For the freely solvated Li-ions (Fig. 4A), partial desolvation induces substantial system-specific shifts in the predicted frontier orbital energies. The systems most sensitive to desolvation are those with ether-based solvents. For example, LiFSI-DEE shows the most dramatic response, with LUMO shift of 2.53 eV (from −4.71 eV at 2 molecules to −2.18 eV at 4 molecules) and gap modulation of 3.23 eV (from 8.20 eV at 1 molecule to 11.43 eV at 4 molecules). Similarly, LiPF6-BFE exhibits a 1.90 eV HOMO shift from −14.33 eV (2 molecules) to −12.43 eV (4 molecules). In contrast, carbonate-based systems display more modest variations, with LiPF6-EC and LiPF6-EMC showing gap changes of only 1.08 eV and 1.18 eV, respectively, over the same desolvation range.
CIPs (Fig. 4B) display similarly strong desolvation effects, with ether-based solvents again exhibiting the greatest sensitivity to coordination number changes. LiFSI-DEE shows the most pronounced LUMO variation of 2.02 eV, shifting from −2.04 eV (1 molecule) to −0.02 eV (4 molecules), with corresponding gap modulation of 1.78 eV (7.71 eV to 9.49 eV). LiPF6-BTFE demonstrates significant HOMO sensitivity with a 1.60 eV destabilization from −12.06 eV (1 molecule) to −10.46 eV (4 molecules), although its gap value remains relatively constant with only a 0.71 eV variation (11.71 eV to 11.00 eV). In contrast, systems like LiTFSI-DEE show only modest impact from desolvation, with maximal gap variations of 1.33 eV.

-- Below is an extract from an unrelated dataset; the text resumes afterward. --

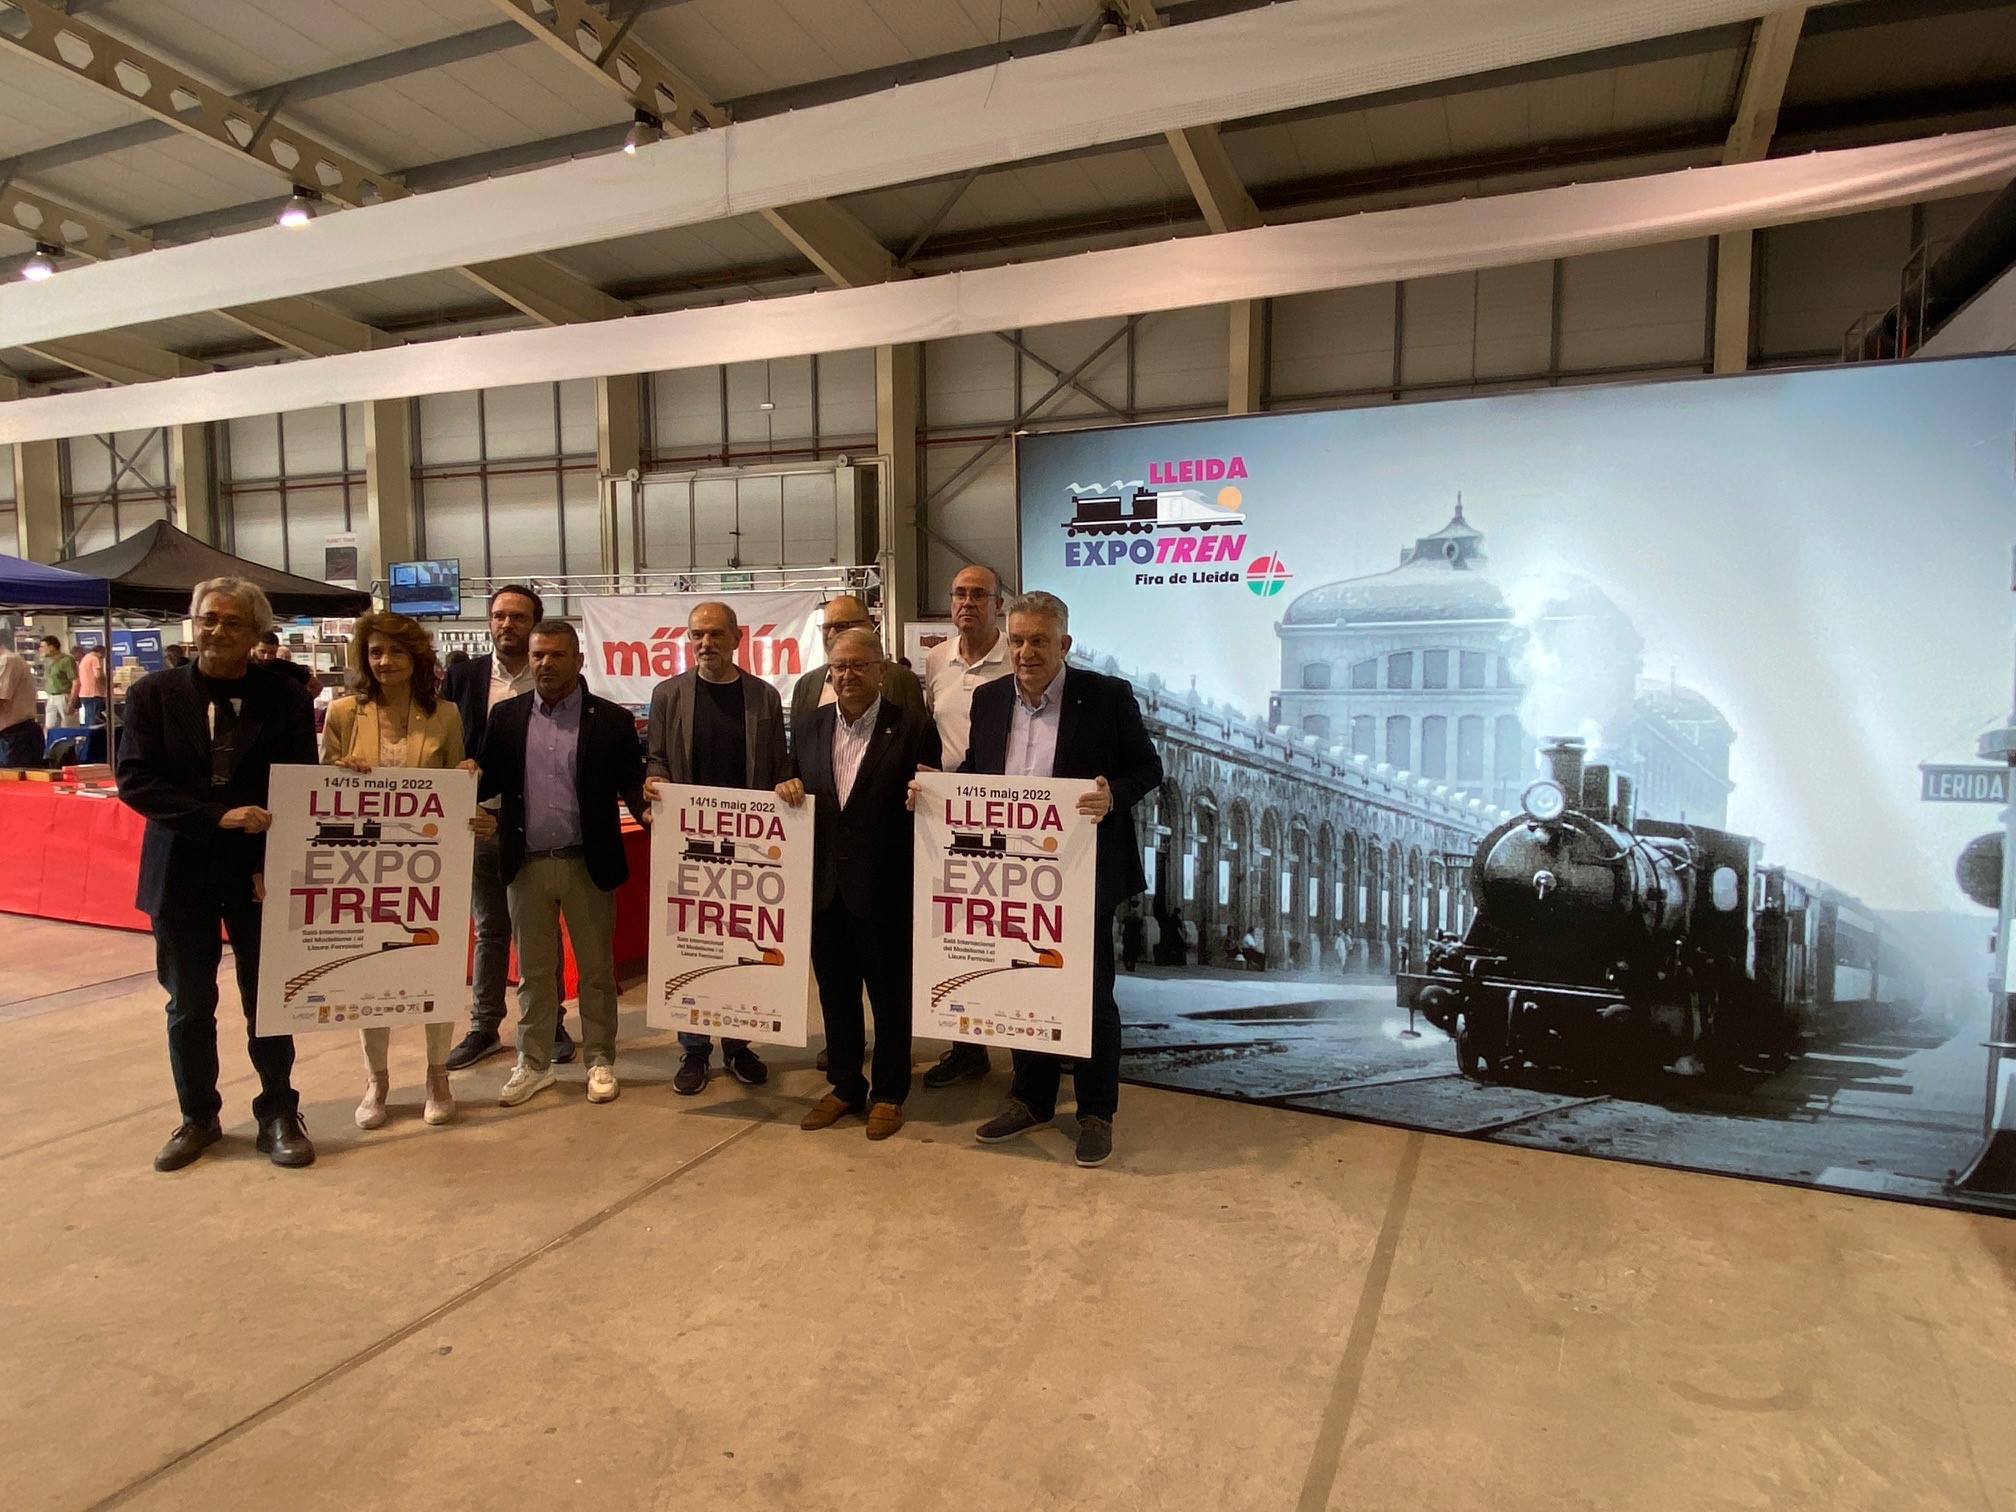 Expo Tren romandrà al Pavelló 4 de Fira de Lleida durant tot el cap de setmana

These observed differential sensitivities likely arise from variations in local solvation geometry, which lead to greater variations in Li+ coordination geometry and, consequently, larger fluctuations in frontier orbital energies. The strong dependence of electronic properties on both solvation number and solvent identity underscores the value of high-throughput screening approaches. In this context, foundation models enable rapid evaluation of numerous electrolyte candidates across diverse solvation states, and can identify promising systems for subsequent investigation with more computationally demanding yet more accurate physics-based methods. Moreover, the substantial orbital energy variations observed during desolvation highlight that accurate prediction of interfacial electrochemical stability requires explicit modeling of partially desolvated states, suggesting that future predictive simulations would benefit from incorporating explicit electrode proximity effects, e.g., interfacial electric fields and surface adsorption interactions, beyond what bulk coordination-number sampling alone can capture.
This statistical perspective underscores fundamental limitations of first-principles modeling of electrolyte stability. Static DFT calculations typically operate on energy-minimized clusters and, by construction, cannot access the distribution tails that ultimately determine electrochemical failure, leading to systematic underestimation of both reduction susceptibility (by missing low-lying LUMO configurations) and oxidation susceptibility (by missing high-lying HOMO configurations). The strong dependence of frontier orbital energies on solvation-shell size and ion-pairing structure further indicates that small, isolated molecular clusters are insufficient to capture the electronic environments experienced by solvated species under practical conditions. Accurate prediction of HOMO and LUMO energies therefore requires inclusion of extended solvation shells, explicit representation of ion pairing, and dynamical sampling of coordination environments. Although DFT can, in principle, describe these effects, electronic-structure calculations on large, thermally sampled solvation clusters rapidly become computationally prohibitive. As a result, many existing studies rely on static or undersolvated cluster models that underestimate the impact of collective solvation and speciation. In this regard, ensemble-based ML approaches offer a unique opportunity to overcome these limitations by efficiently sampling the full distribution of solvation configurations that governs electrochemical stability under realistic operating conditions.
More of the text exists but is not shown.